What this task involves
In the entries that follow, find the line containing "Diy Journal Flower" and the line containing "Papa Bear T-Shirt in Tan Triblend", then copy exactly everything from the first through the second except the pictures.

Supplied entries

-=-=-=-=-

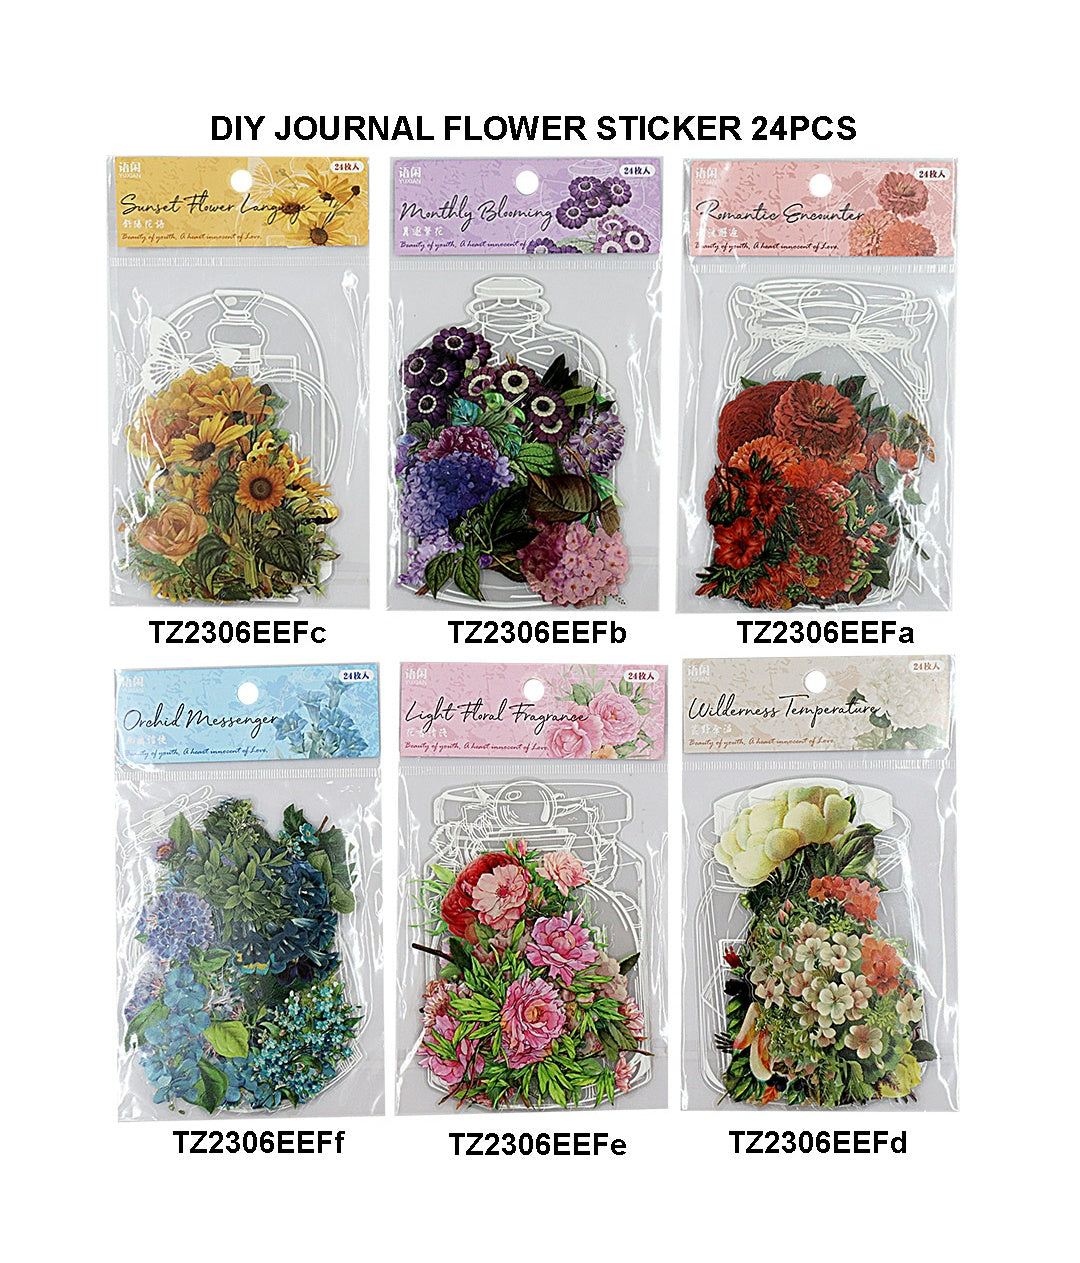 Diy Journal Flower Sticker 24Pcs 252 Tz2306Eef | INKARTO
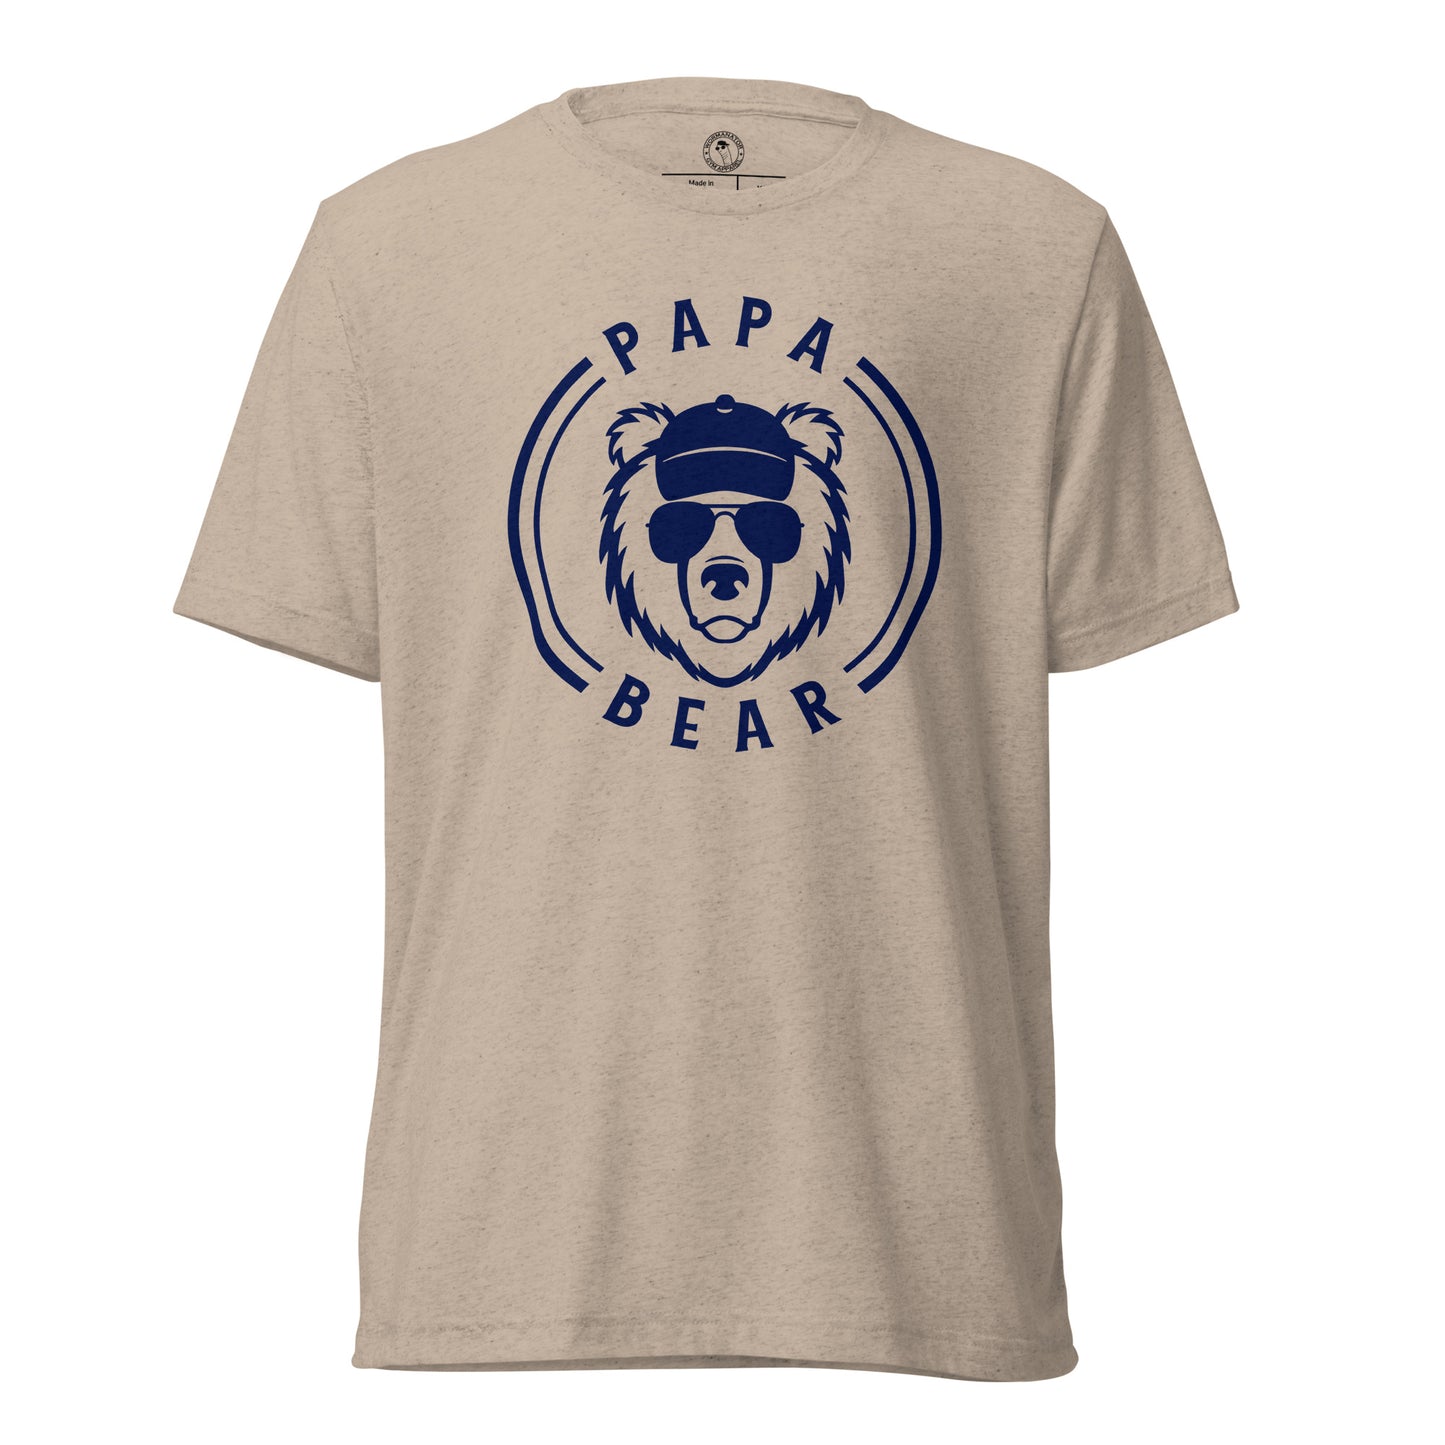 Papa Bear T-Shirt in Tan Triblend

-=-=-=-=-

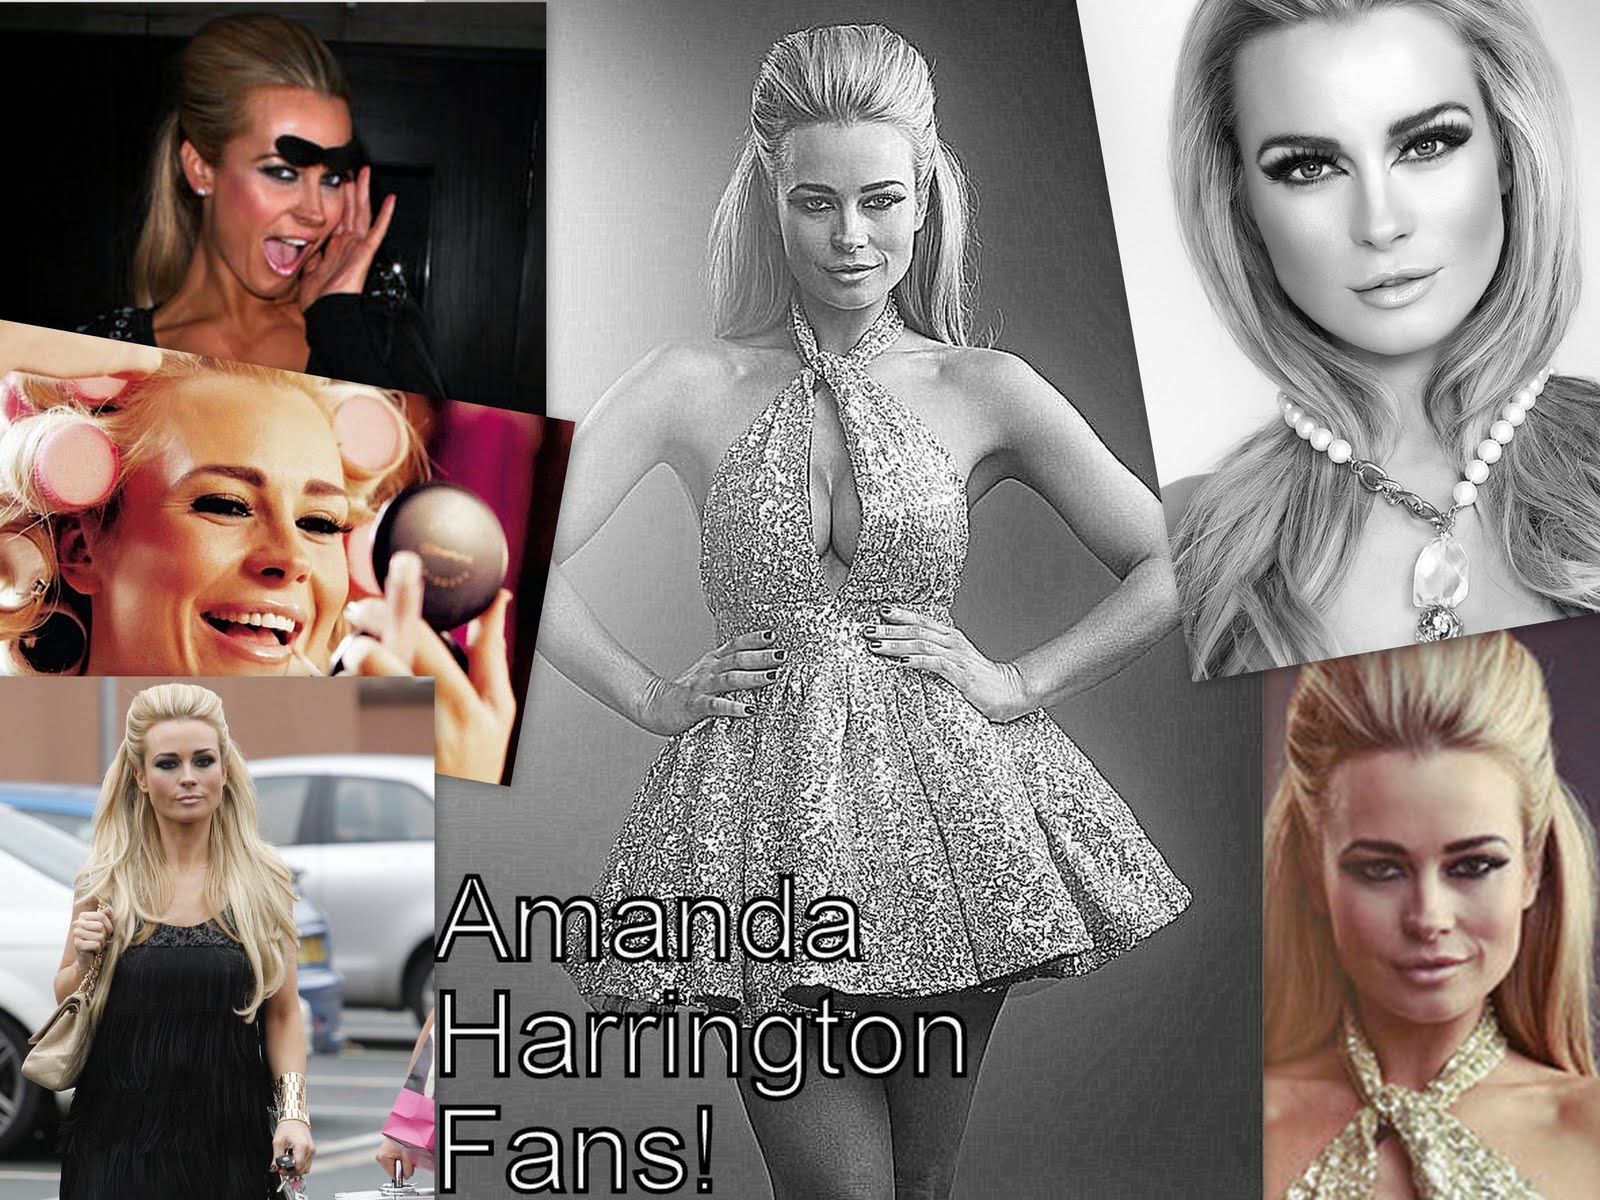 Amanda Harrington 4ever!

-=-=-=-=-

The answer
 Diy Journal Flower Sticker 24Pcs 252 Tz2306Eef | INKARTO
 Papa Bear T-Shirt in Tan Triblend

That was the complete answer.